12/31/16 01/02/17 4,200 01/02/17 01/05/17 FOB Destination


12/05/16 01/02/17 3,600 12/17/16 12/22/16 FOB Destination
12/06/16 01/03/17 7,900 01/05/17 01/07/17 FOB Shipping Point
12/18/16 12/20/17 8,000 12/29/16 01/02/17 FOB Shipping Point
12/22/16 01/05/17 4,600 01/04/17 01/06/17 FOB Destination
12/27/16 01/07/17 3,500 01/05/17 01/07/17 FOB Destination

PIG, Inc uses the “ passing of legal title” for inventory recognition.

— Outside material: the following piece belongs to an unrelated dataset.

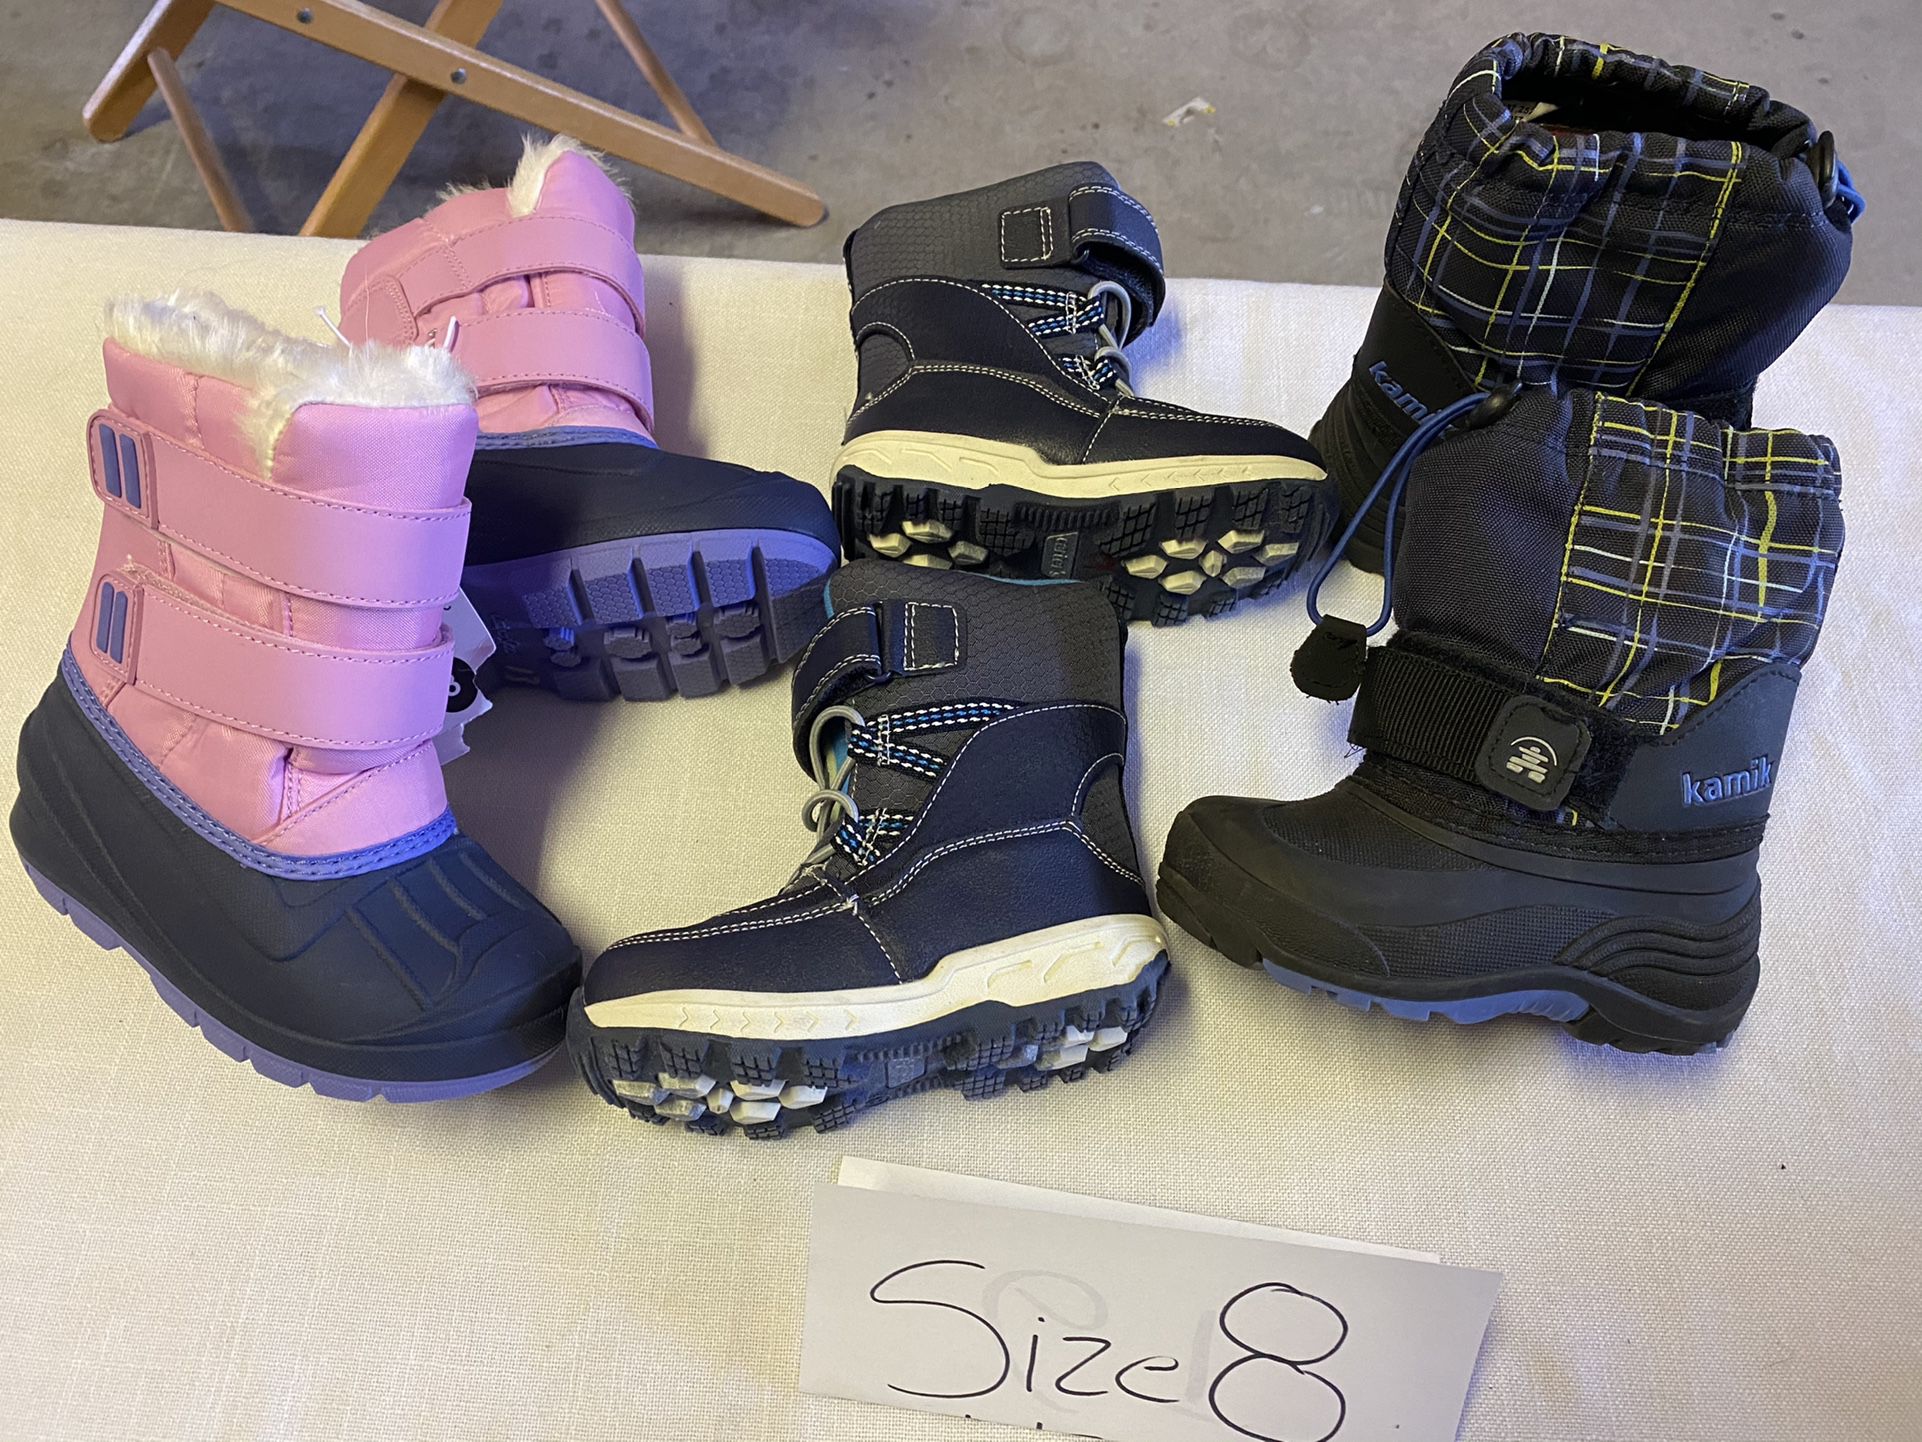 Snow Boots Size 8t $20 Each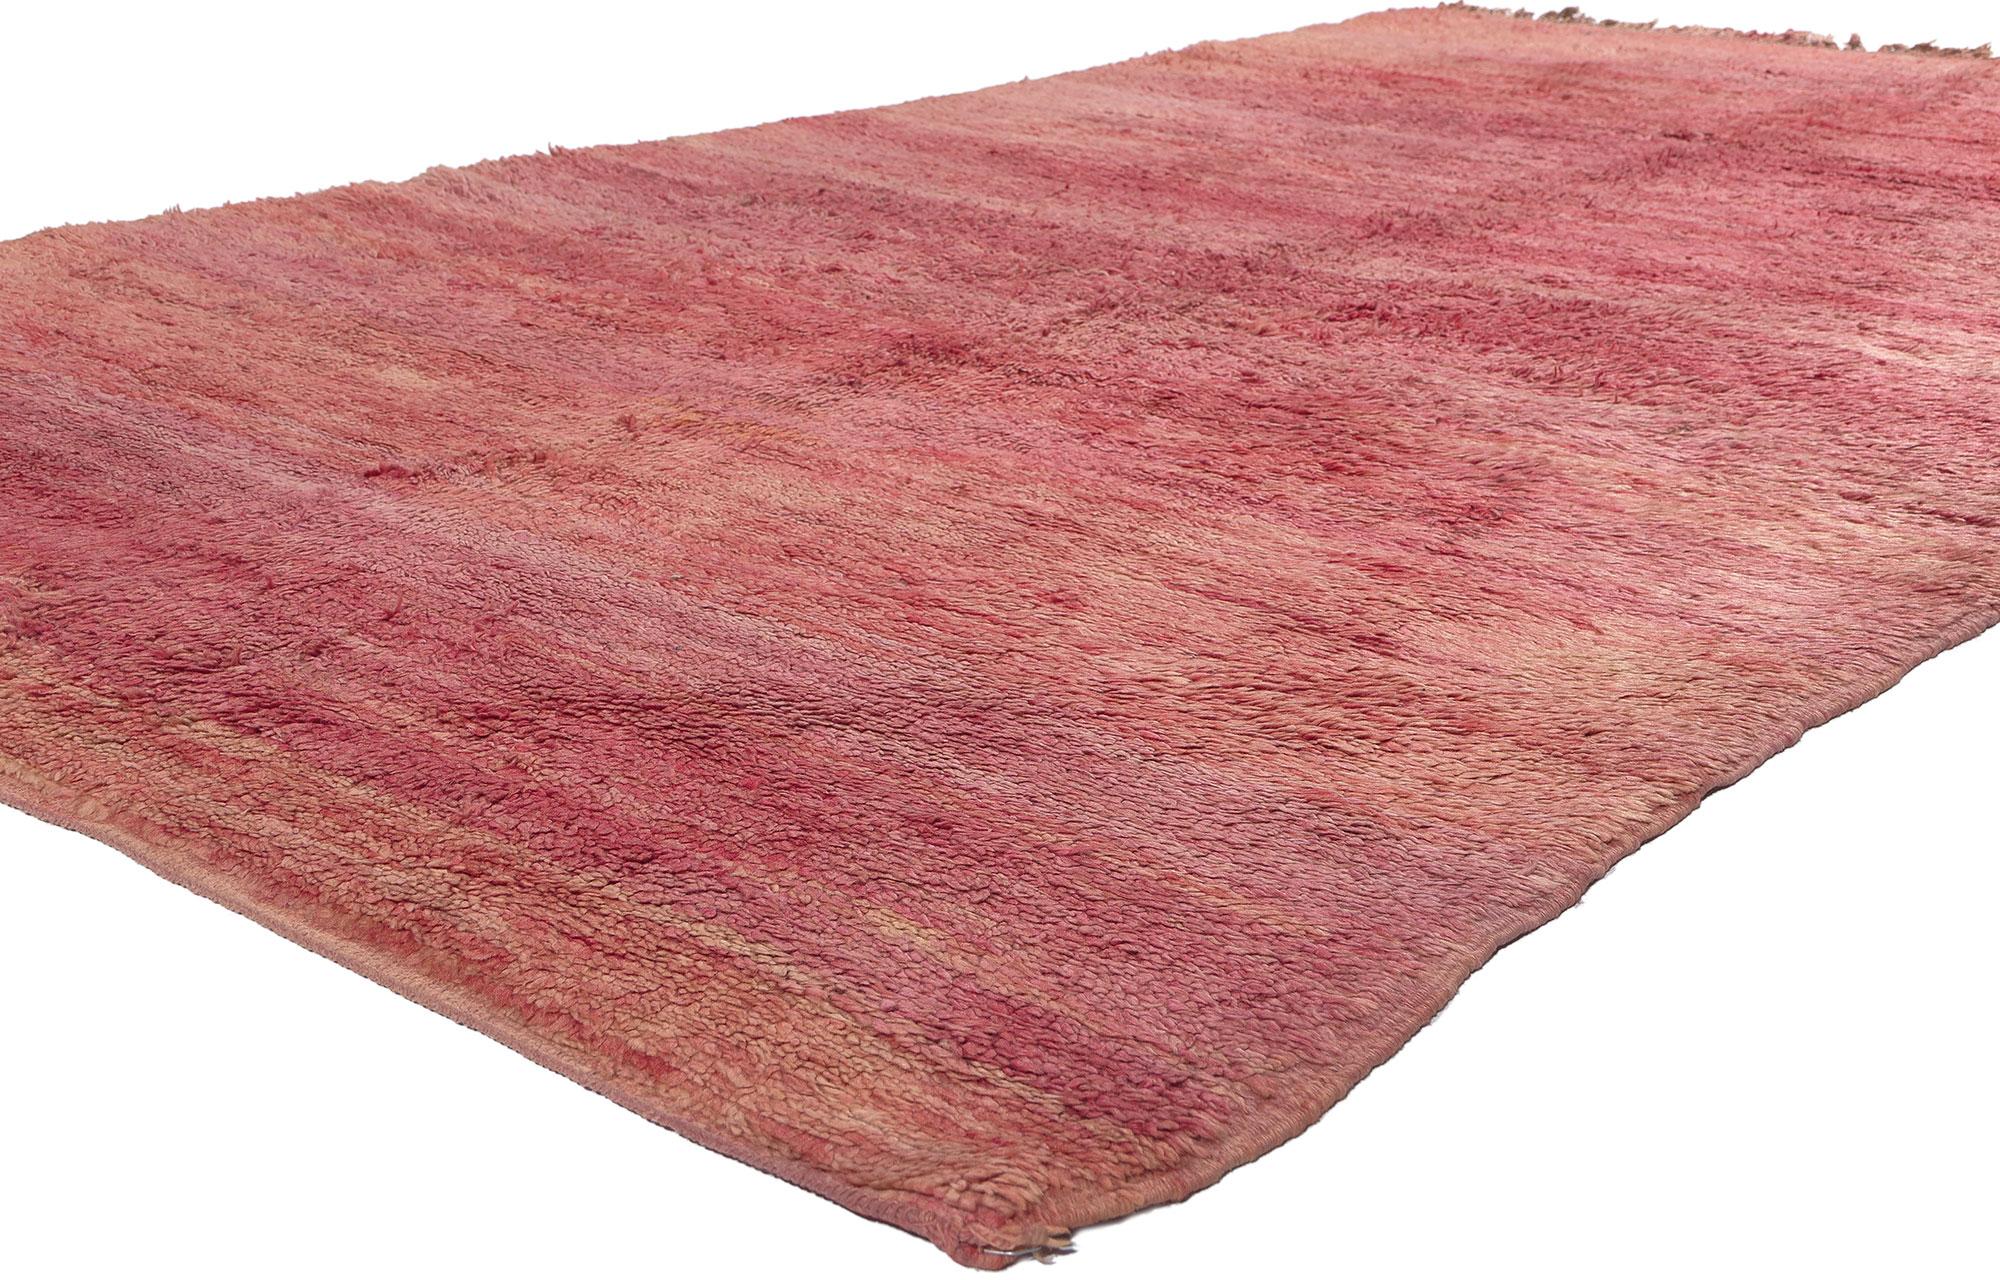 21063 Vintage Pink Beni Mrirt Moroccan Rug, 05'11 x 10'05. Embark on an enchanting voyage through the serene world of modern aesthetics with this meticulously hand-knotted wool rug from the Beni Mrirt tribe in Morocco. A true masterpiece born in the

15. Goods purchased during December totalled


A. 11,600 units C. 19,500 units
B. 15,800 units D. 8,000 units

16. How many units were sold during December?


A. 138,630 units C. 98,630 units
B. 113,830 units D. 153,830 units

17. How many units should be included in Pig, Inc.’s inventory at December 31, 2016?